Quo vadis, psychopharmacology?

Innovation in psychopharmacology depends on overcoming multiple challenges that stifle drug discovery and development

Vol. 10, No. 10 / October 2011

The psychopharmacology era that began 6 decades ago has had a momentous and transformative effect on the identity and practice of psychiatry. It enabled community-based treatment and follow-up to supplant institutional warehousing of persons with serious mental disorders. The discovery of neurotransmitter pathways and receptors involved in the mechanism of action of antipsychotic, antidepressant, and anxiolytic agents sparked the neuroscience revolution that has become 1 of the fastest-moving frontiers in medicine.

Over the past few years, the shine seems to have worn off and psychopharmacology appears to be in limbo between the serendipitous but aging discoveries of the past and the exciting but unfulfilled promise of future breakthroughs. Psychopharmacology is in urgent need of a renaissance to propel it into new directions that will maintain its credibility as the core of psychiatric therapeutics. The following are some issues and challenges that may influence how psychopharmacology can surge forward and restore its “mojo.”

Scientific challenges. Psychopharmacology must decisively move from serendipity and its corollaries to rational, pathophysiology-based drug development. We need a translational “Marshall Plan” to exploit genetic and molecular neurobiology advances to develop radically new pharmacologic biotherapies for psychiatric brain disorders.

Conceptual challenges. As long as psychiatric diagnoses are based on clusters of symptoms assembled by committees, it makes little sense for the FDA to mandate that a drug must work for a DSM diagnosis instead of specific symptoms. Psychiatric disorders share many symptoms such as depressed mood, anxiety, agitation, hallucinations, delusions, insomnia, impulsivity, etc. Approving new drugs for target symptoms rather than a DSM diagnosis might eliminate the often deplored—yet necessary—practice referred to as “off-label” pharmacotherapy. Frankly, it is silly that an antipsychotic must be approved separately for schizophrenia, schizoaffective disorder, psychotic mania, delusional disorder, or brief reactive psychosis when these disorders all share delusions or hallucinations that respond to that same agent. The high cost of conducting redundant clinical trials for all antipsychotic drugs in each psychotic disorder is far better invested in discovering agents with new mechanisms of action.

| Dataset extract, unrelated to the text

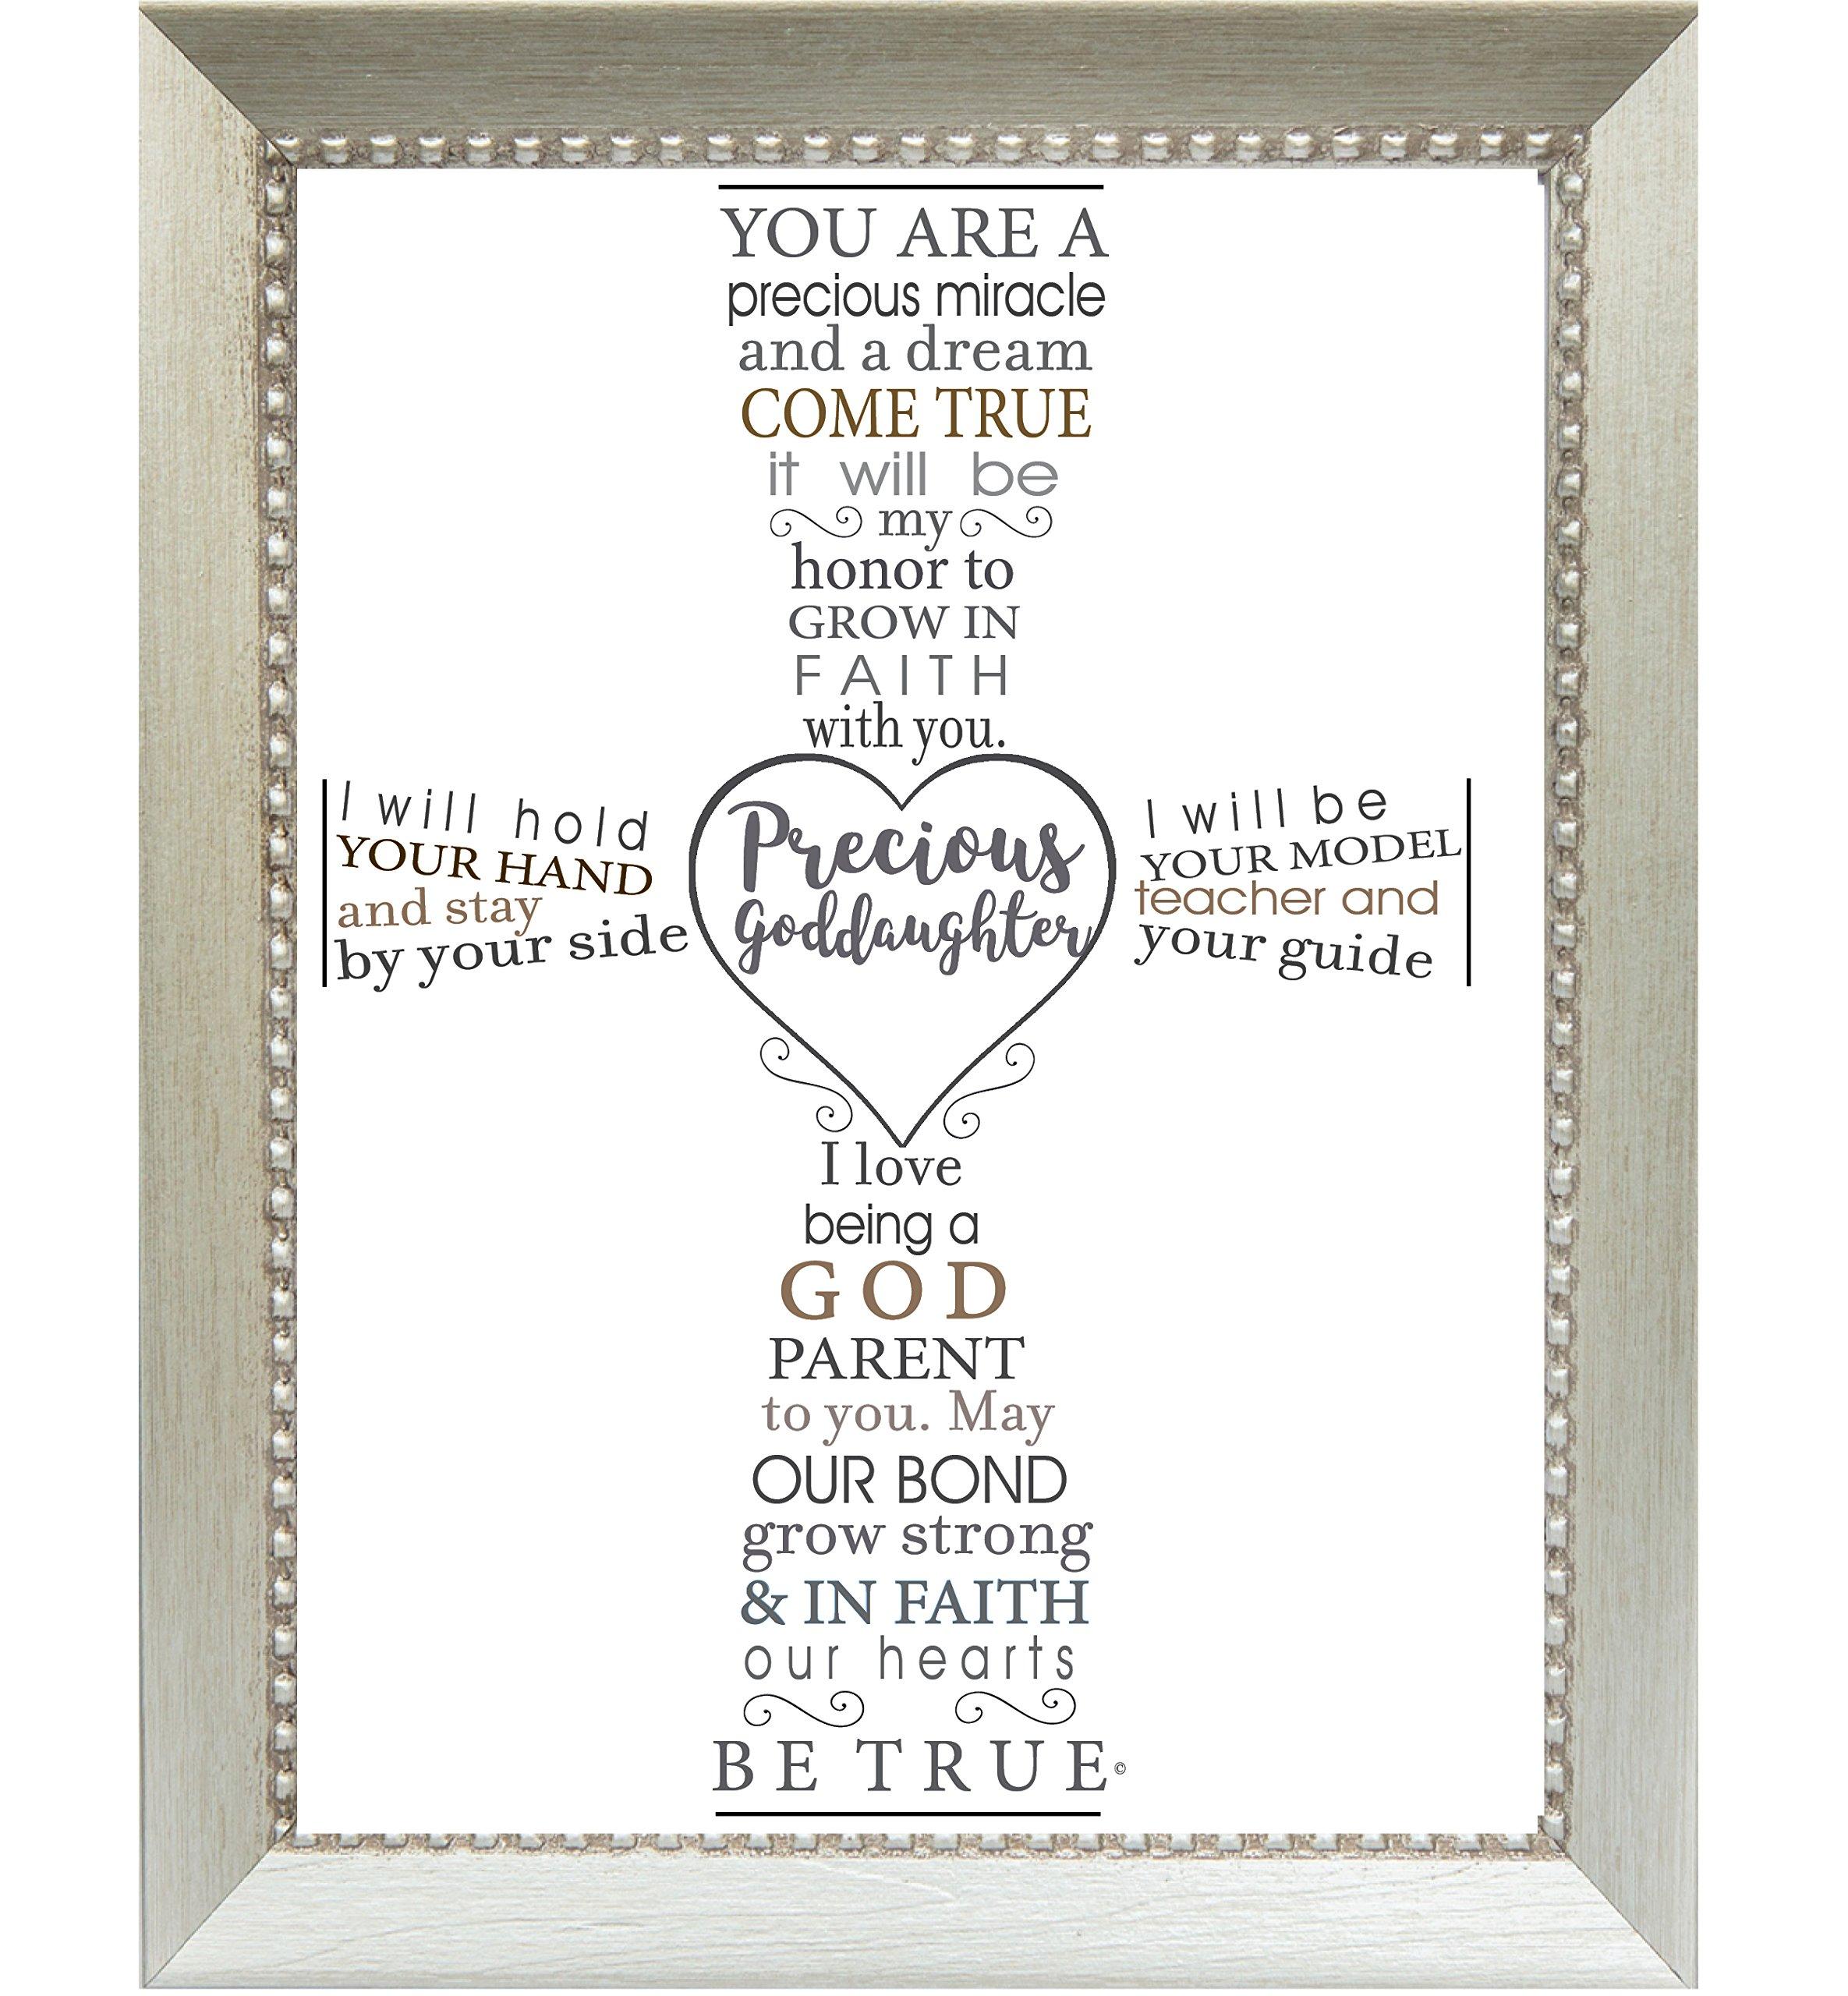 The Grandparent Gift Precious Goddaughter Frame Baptism or Christening Gift from Godparent, Silver
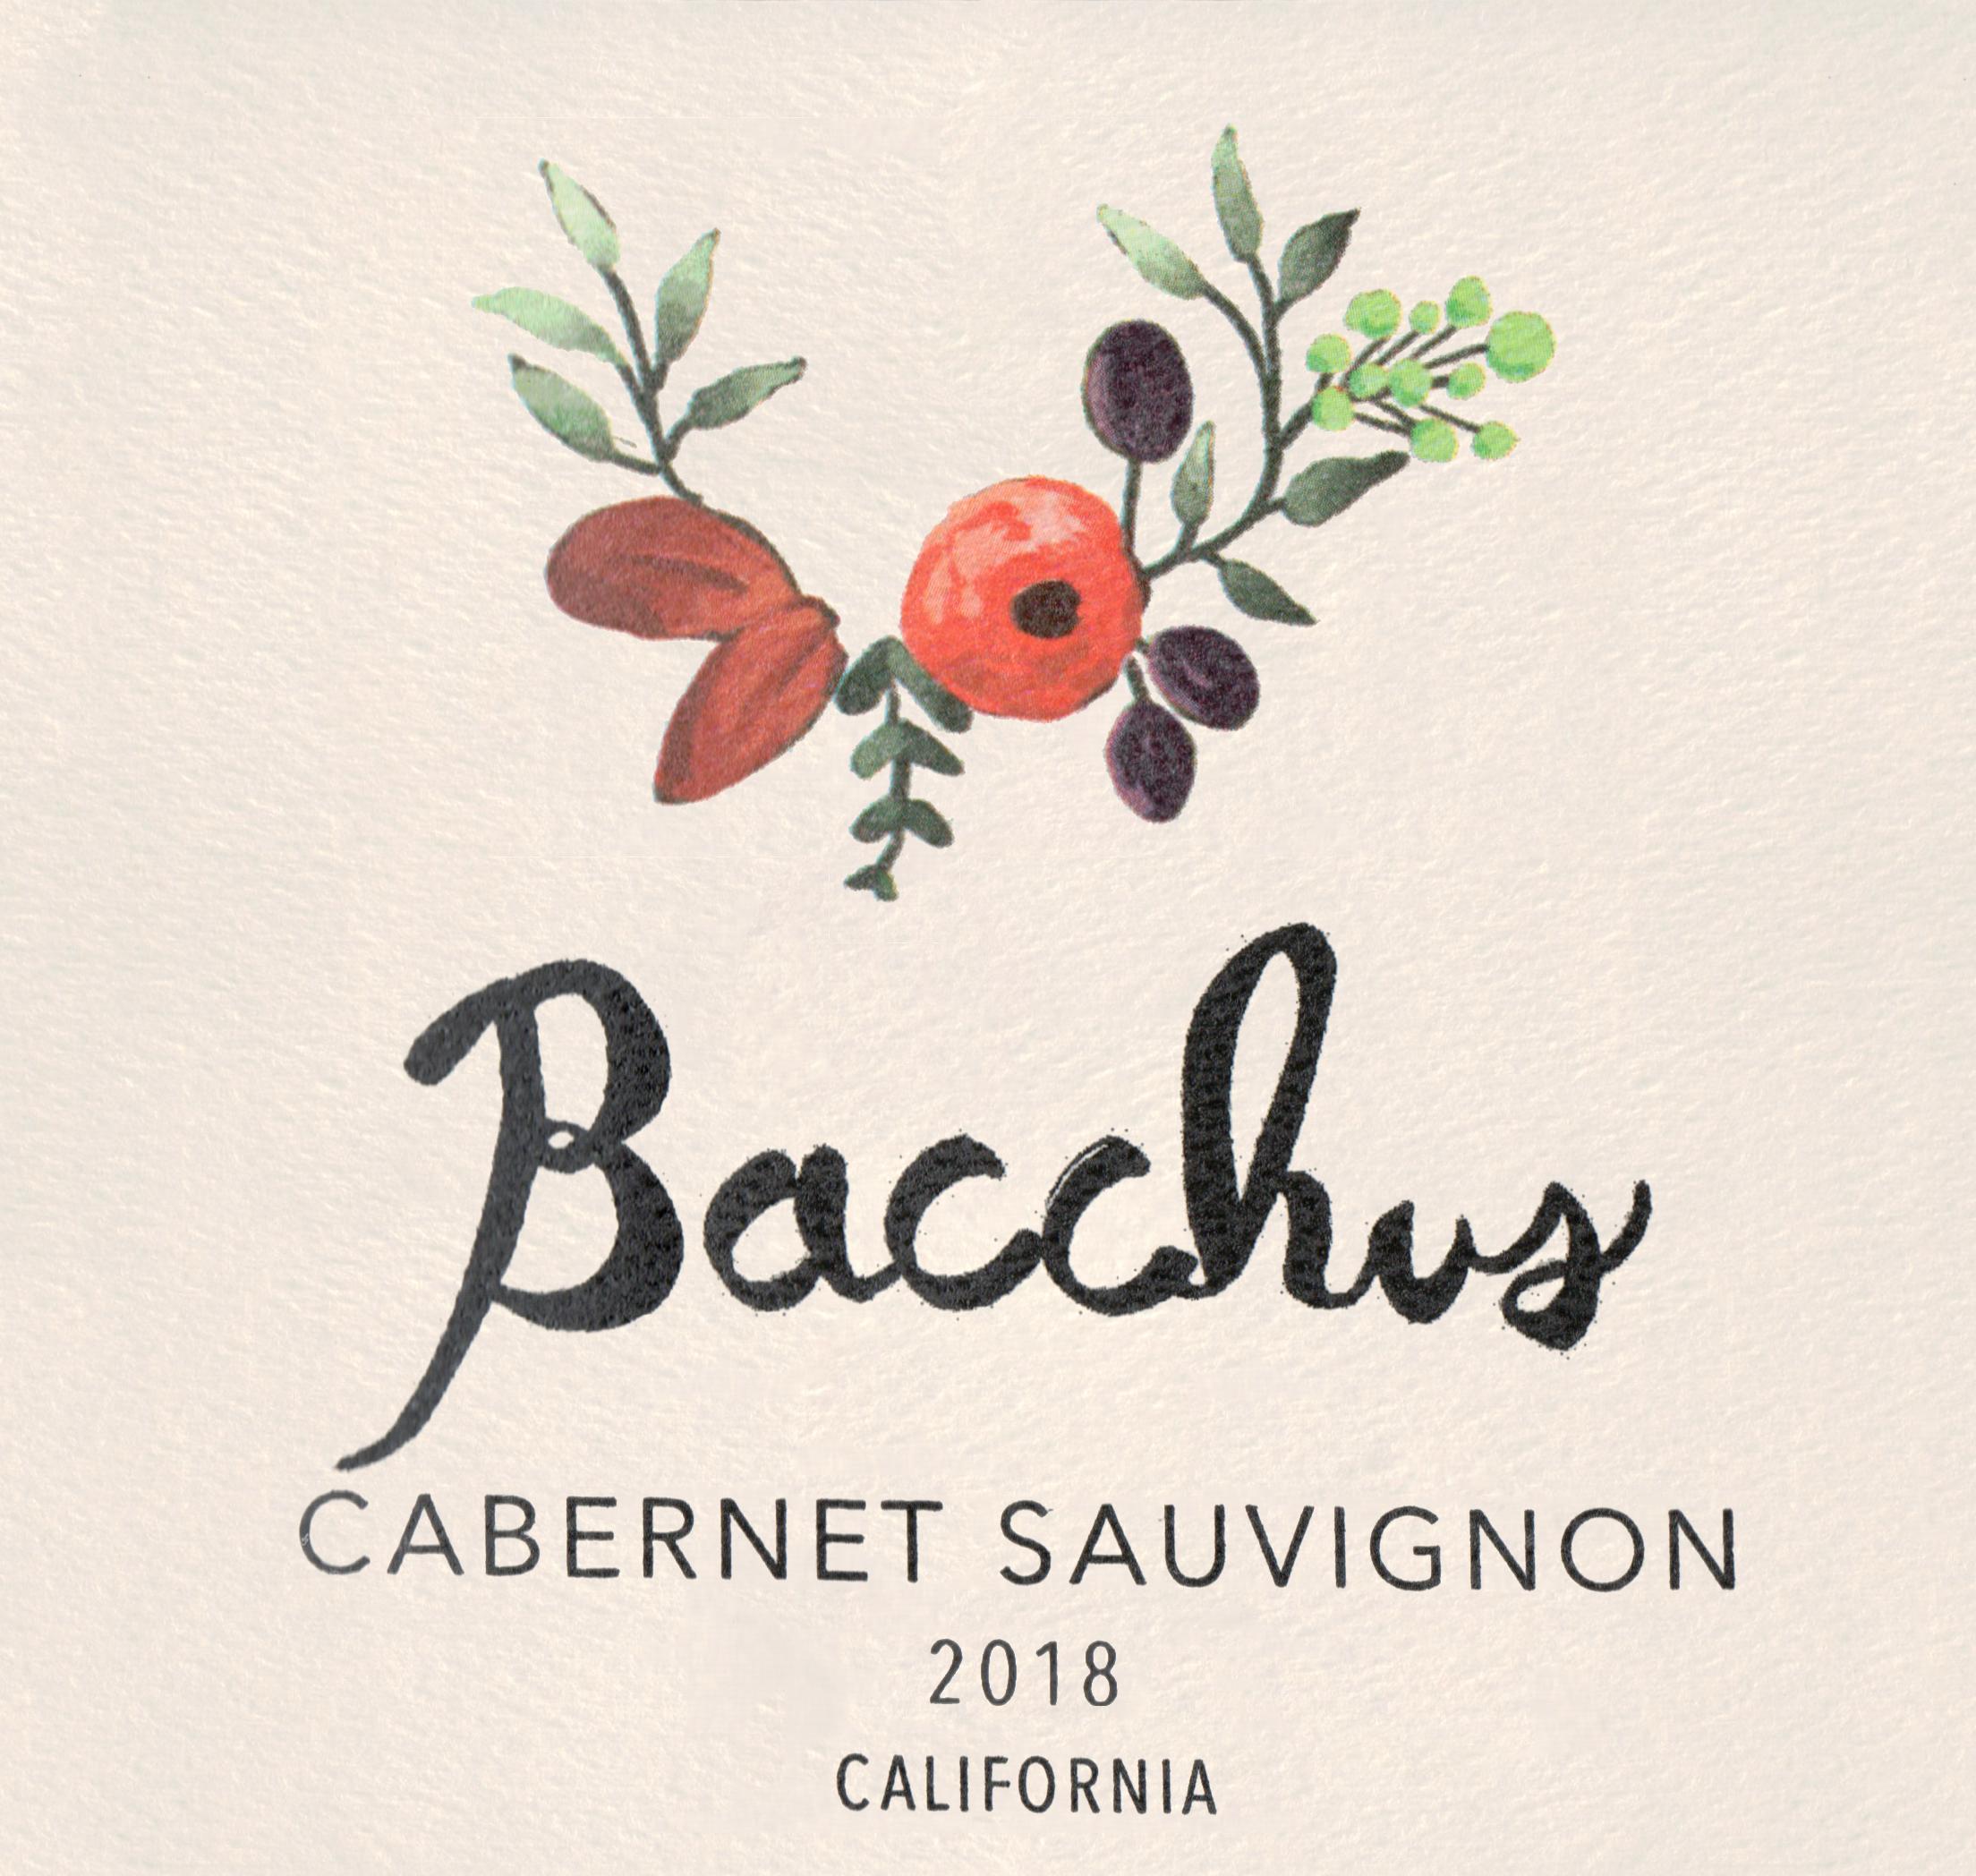 Bacchus Cabernet Sauvignon 2018

Disease heterogeneity. Research strongly points to a substantial heterogeneity in practically every psychiatric disorder, with multiple genotypes and phenotypes that share common features. Therefore, there will always be full responders, partial responders, and refractory patients in any psychiatric illness. Rational psychopharmacology must develop strategies to prospectively identify these subgroups by using pharmacogenetic markers that should become a vital component of guiding treatment selection.

Big picture issues

Who will spearhead the psychopharmacology of the future? There is a tremendous unmet need, with >80% of psychiatric disorders having no FDA-approved medication, and a substantial proportion of patients who do receive an approved drug often remain disabled even after symptomatic improvement. This unmet need is not just for new drugs, but more effective drugs.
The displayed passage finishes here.